Supplied information:
========================
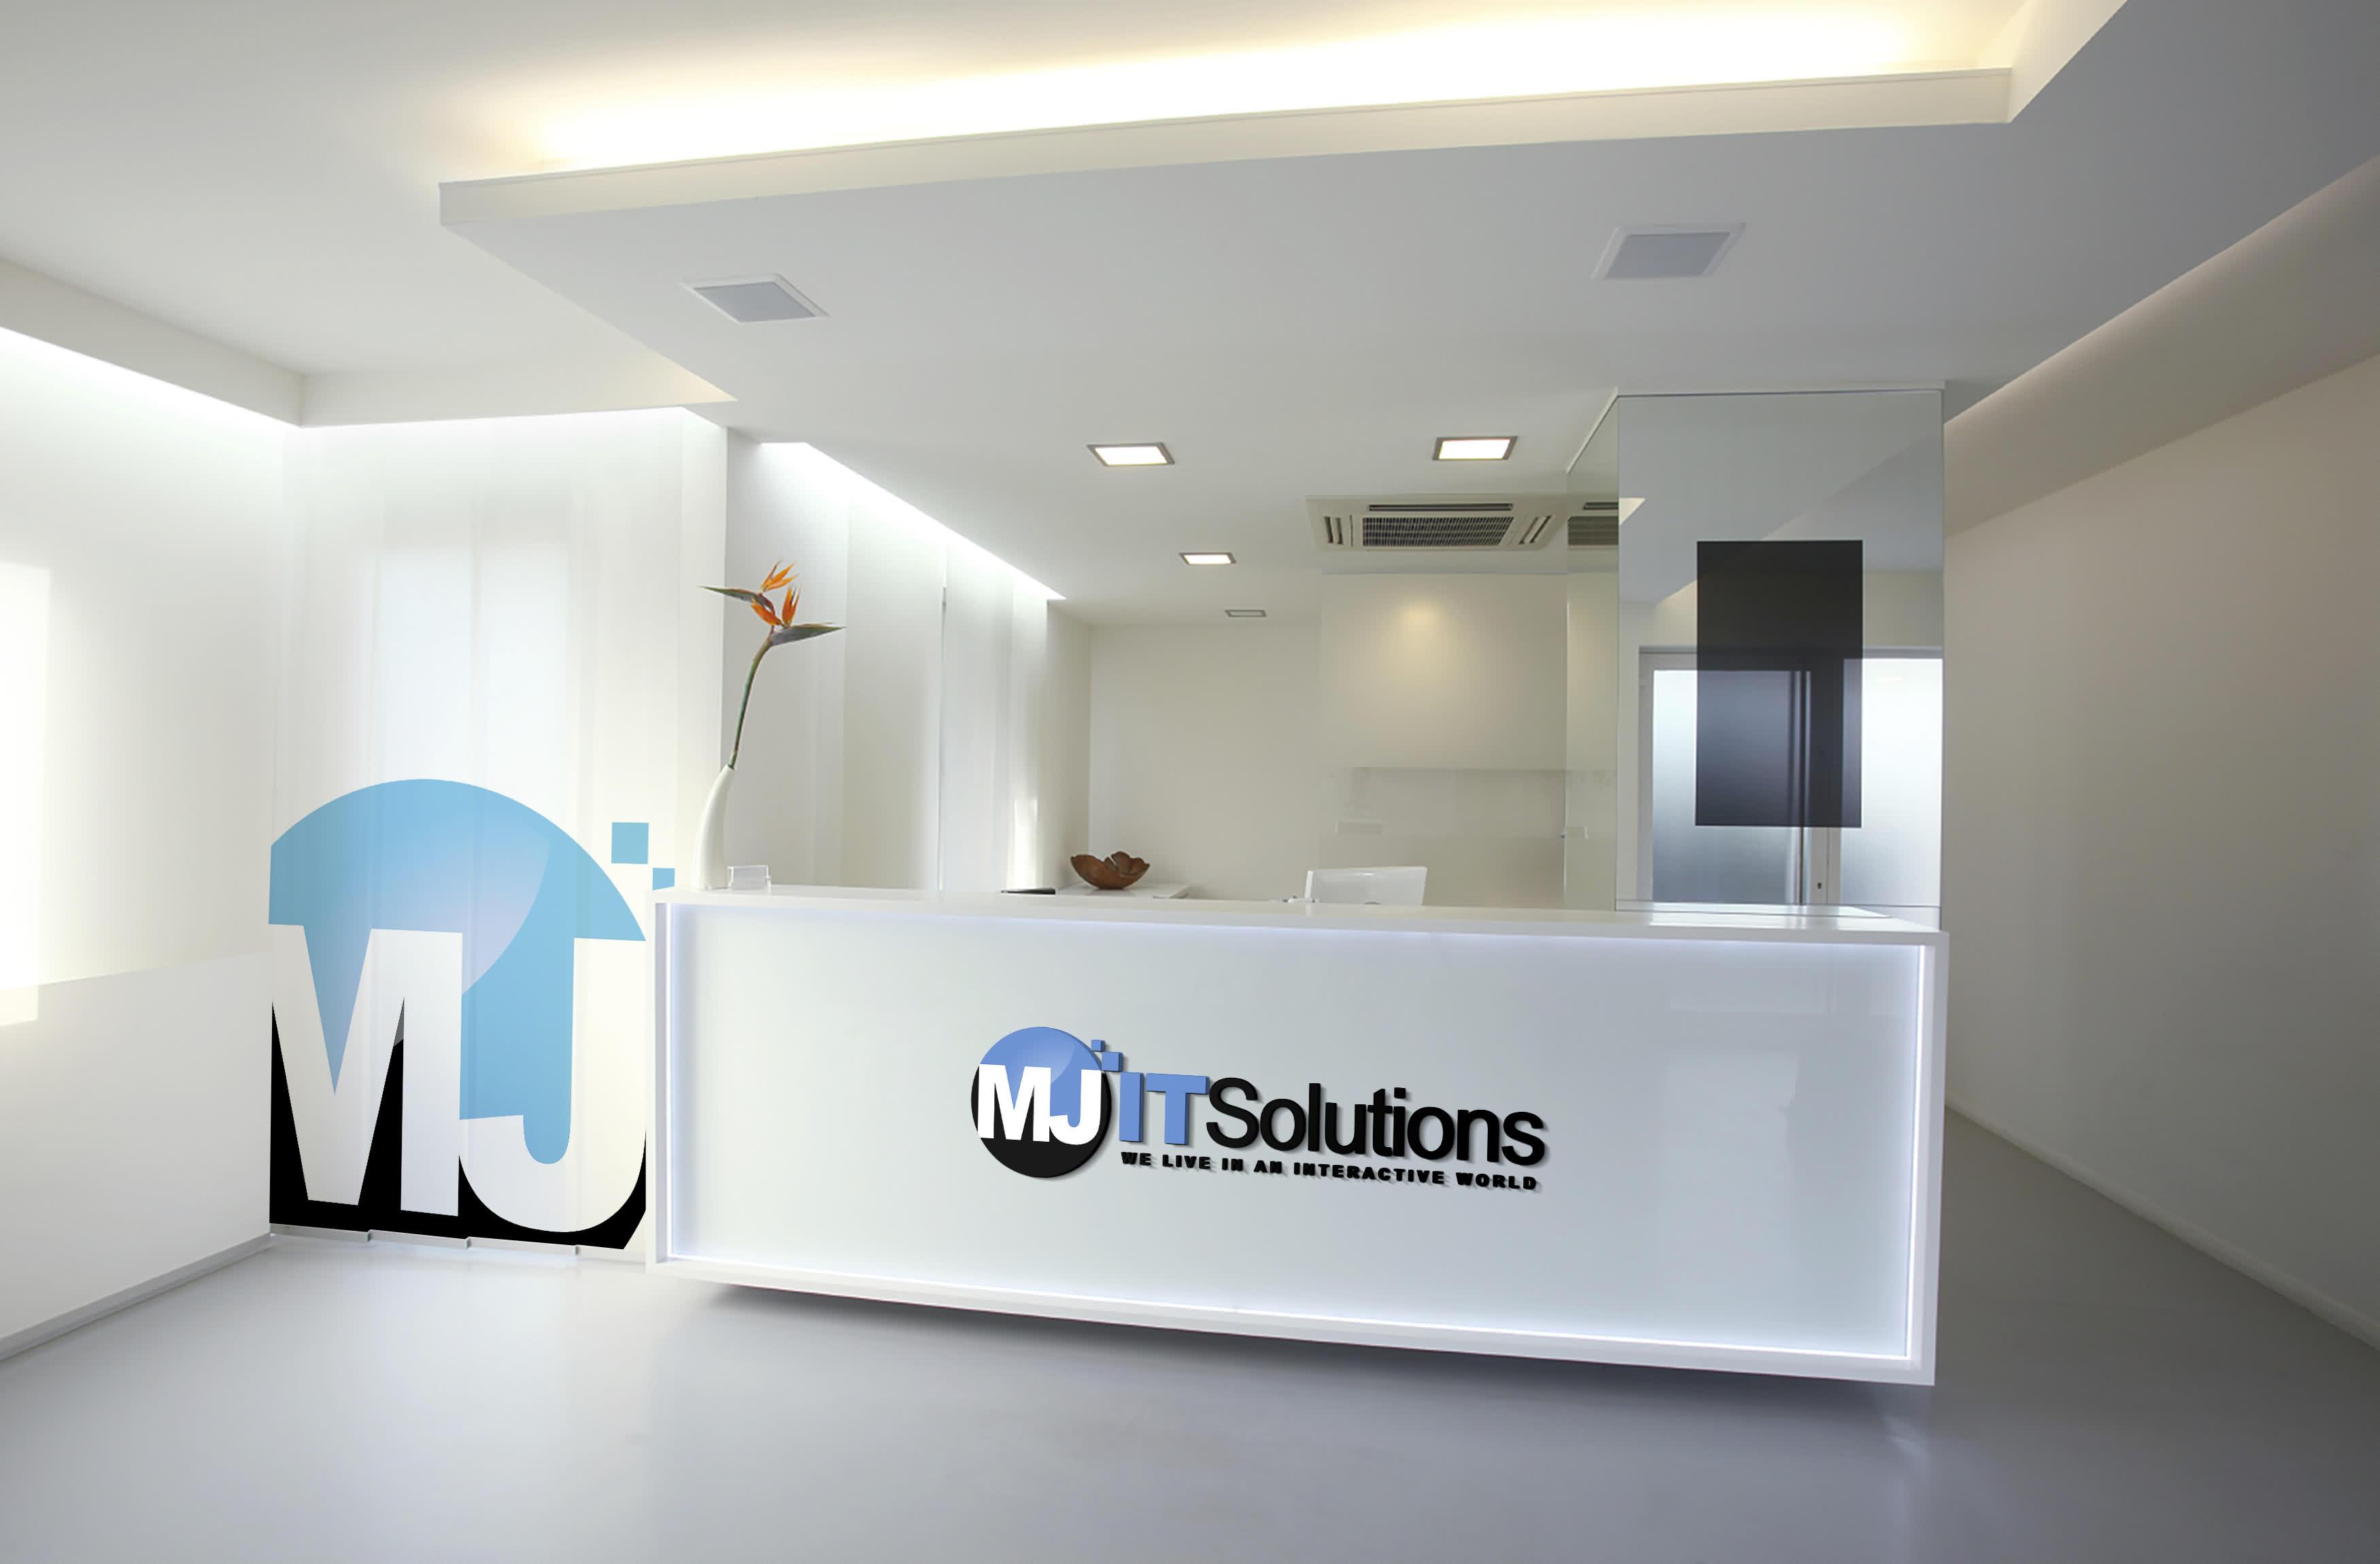 Mj It Office West Door Entrance
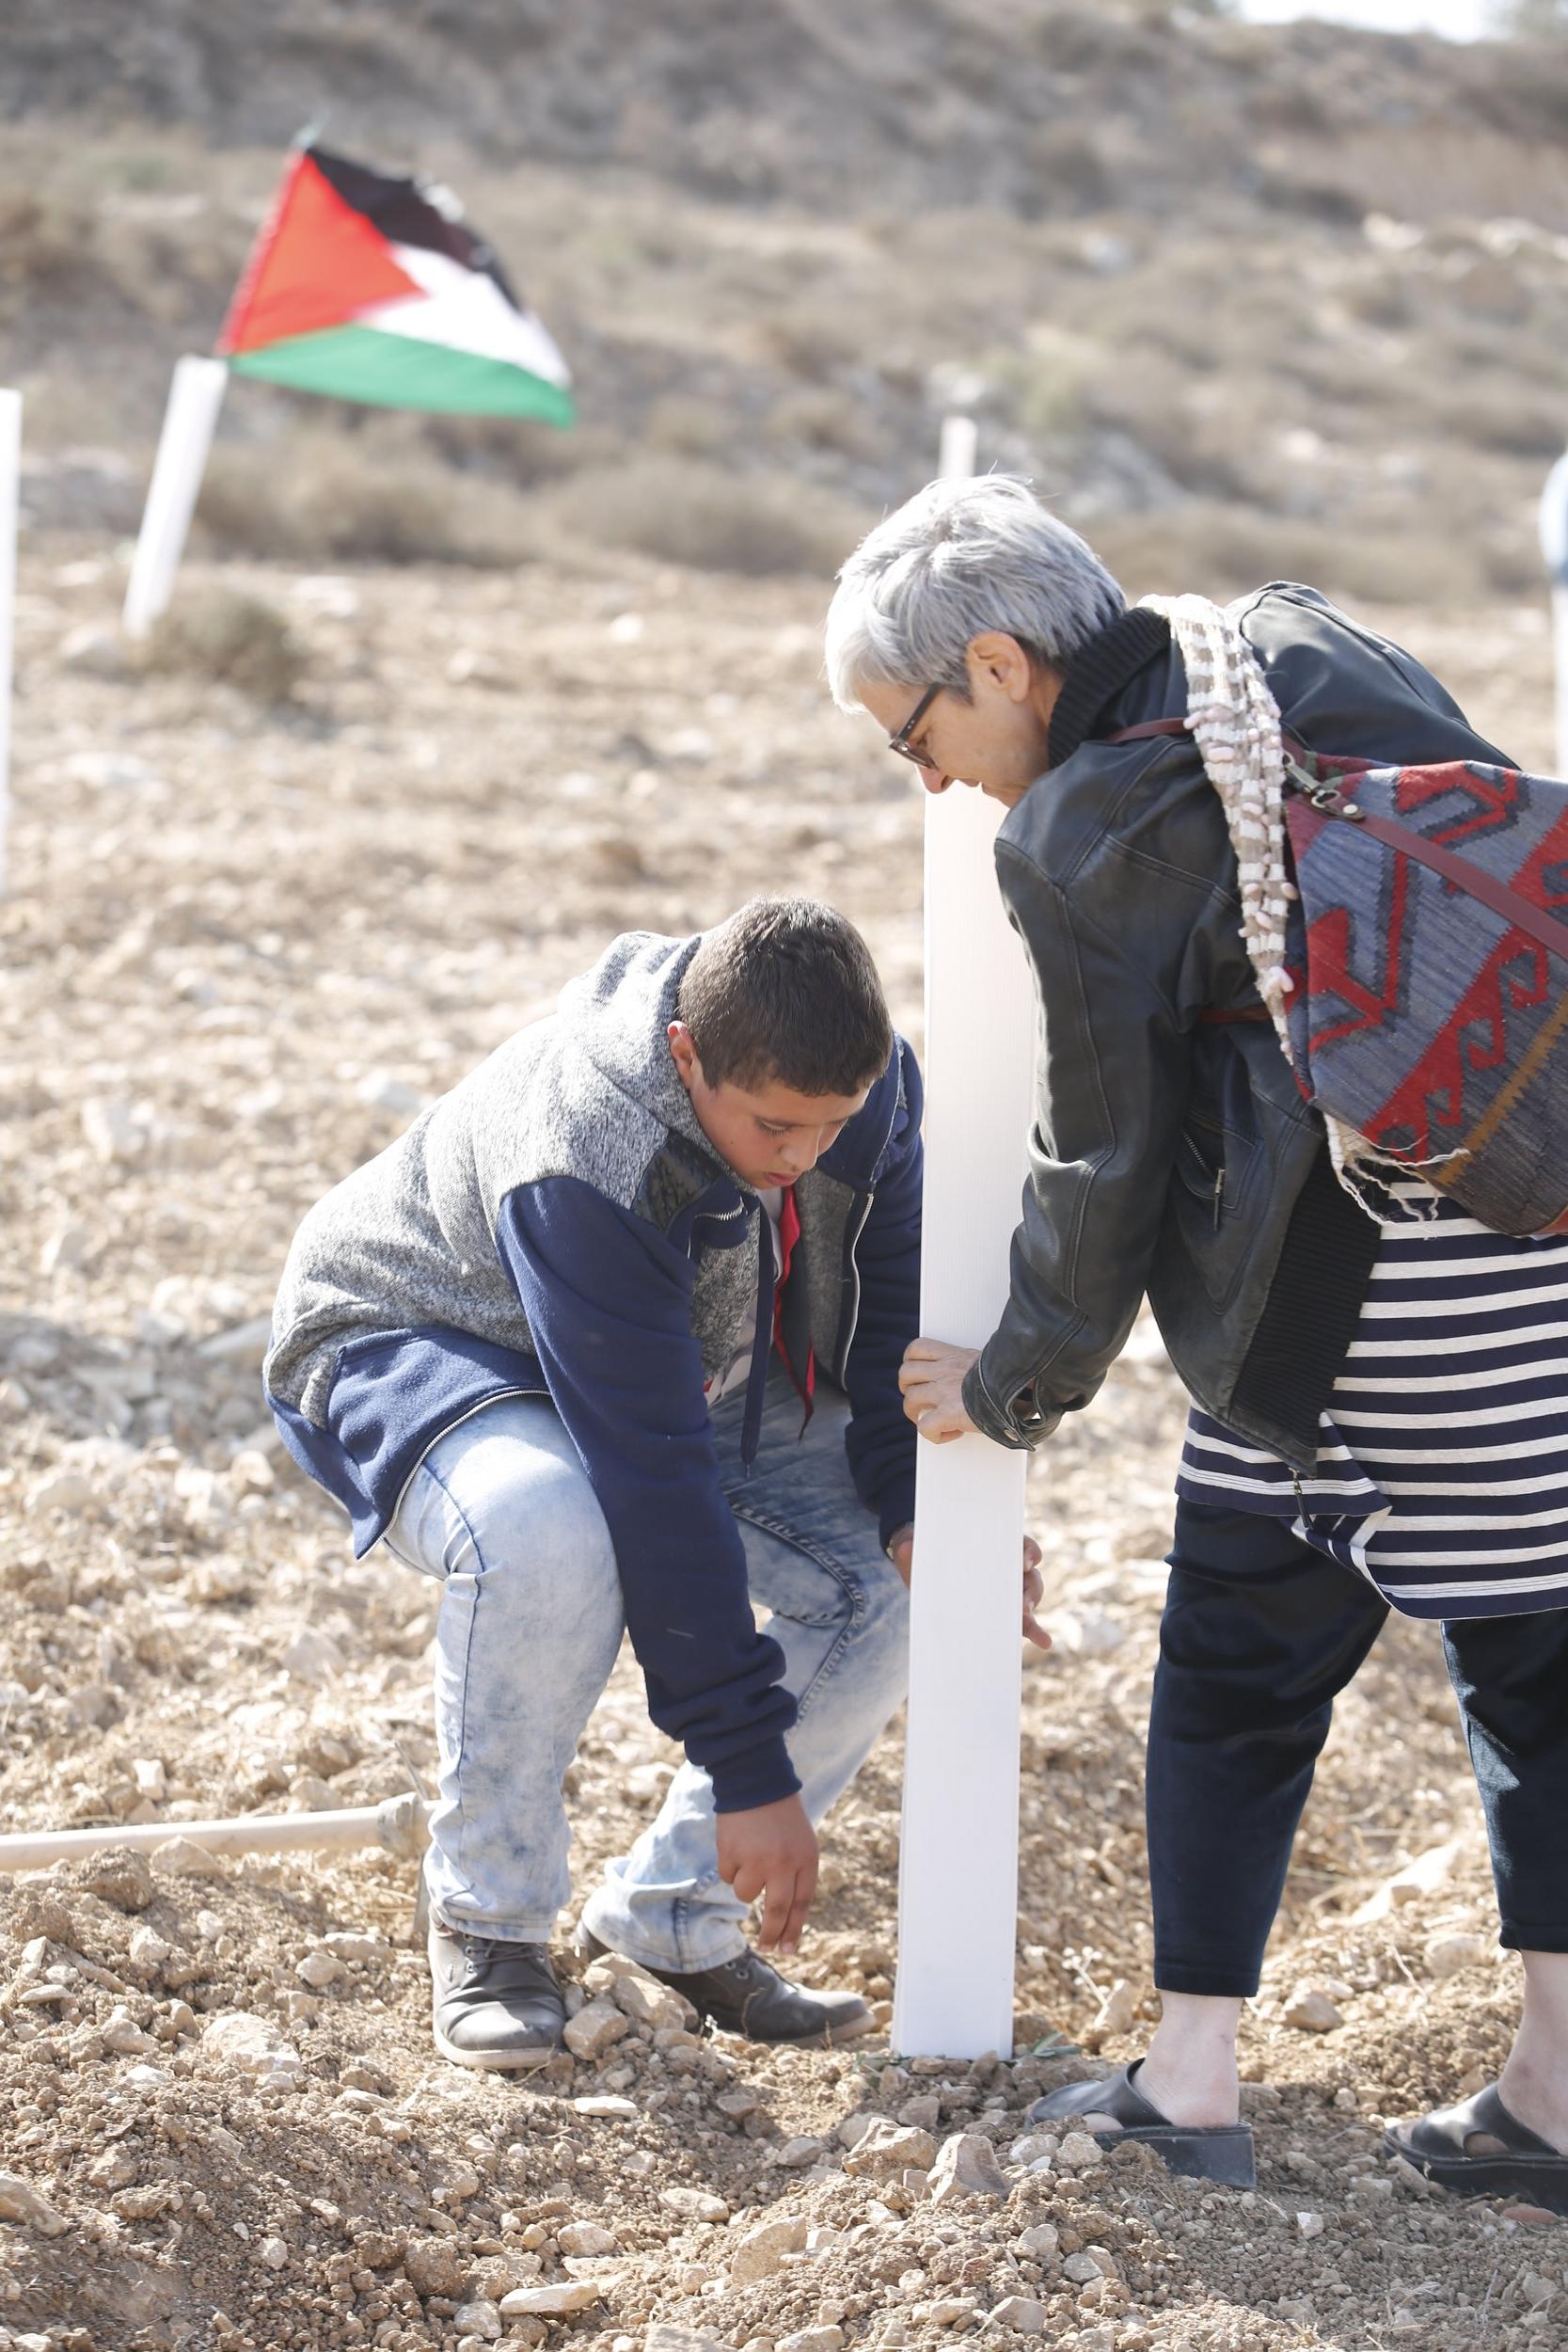 Angela Godfrey hielp Plant een Olijfboom met het helpen van  1100 olijfbomen voor Dominee Ader , nov 2016 Foto Haitham Khatib/Plant een Olijfboom
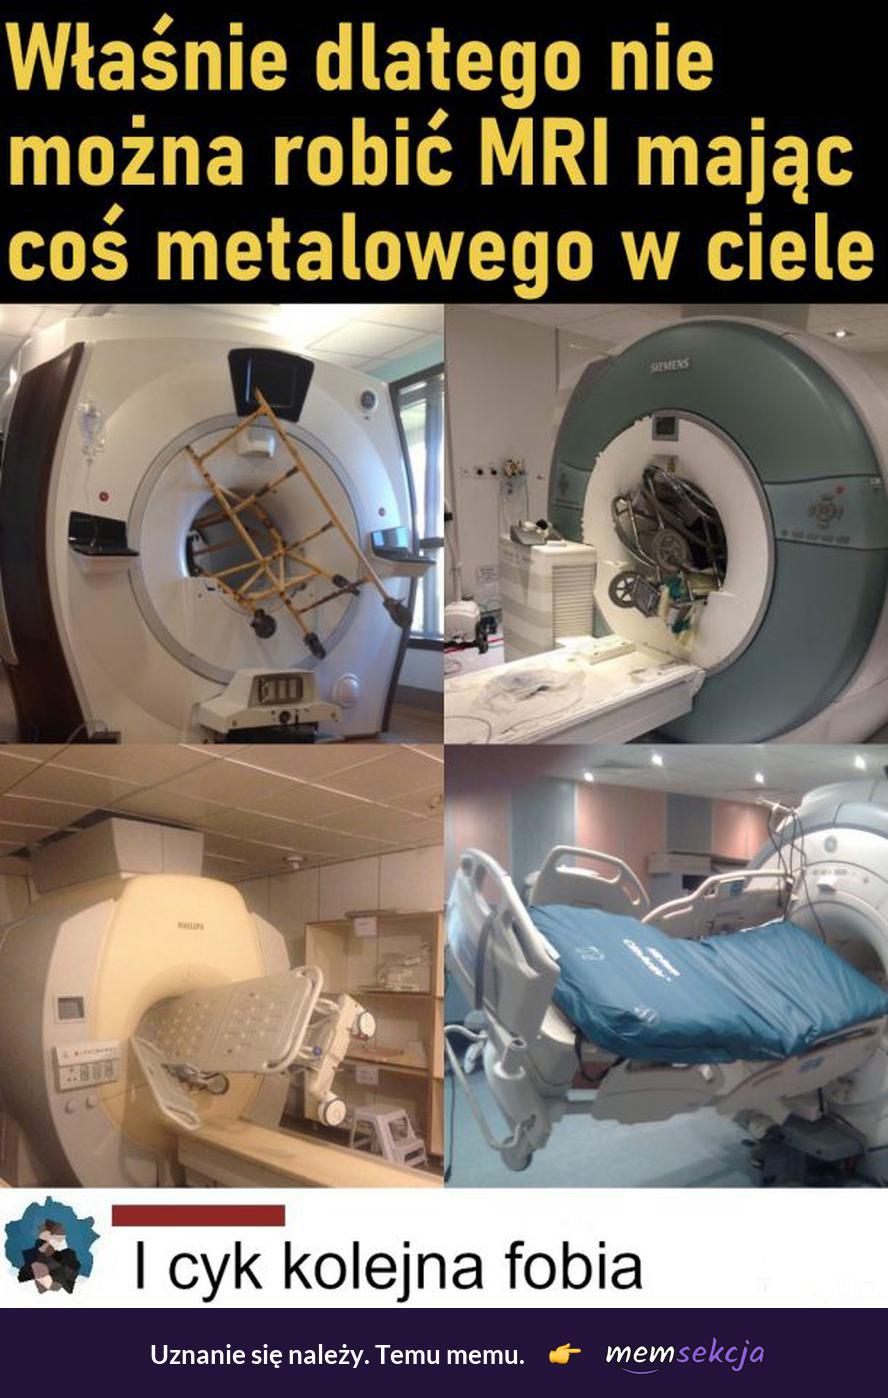 MRI vs metalowe rzeczy. Śmieszne. Fobia
========================
Work instructions: Set down the material above exactly. Skip any picture.

Answer:
 Mj It Office West Door Entrance
 Angela Godfrey hielp Plant een Olijfboom met het helpen van  1100 olijfbomen voor Dominee Ader , nov 2016 Foto Haitham Khatib/Plant een Olijfboom
 MRI vs metalowe rzeczy. Śmieszne. Fobia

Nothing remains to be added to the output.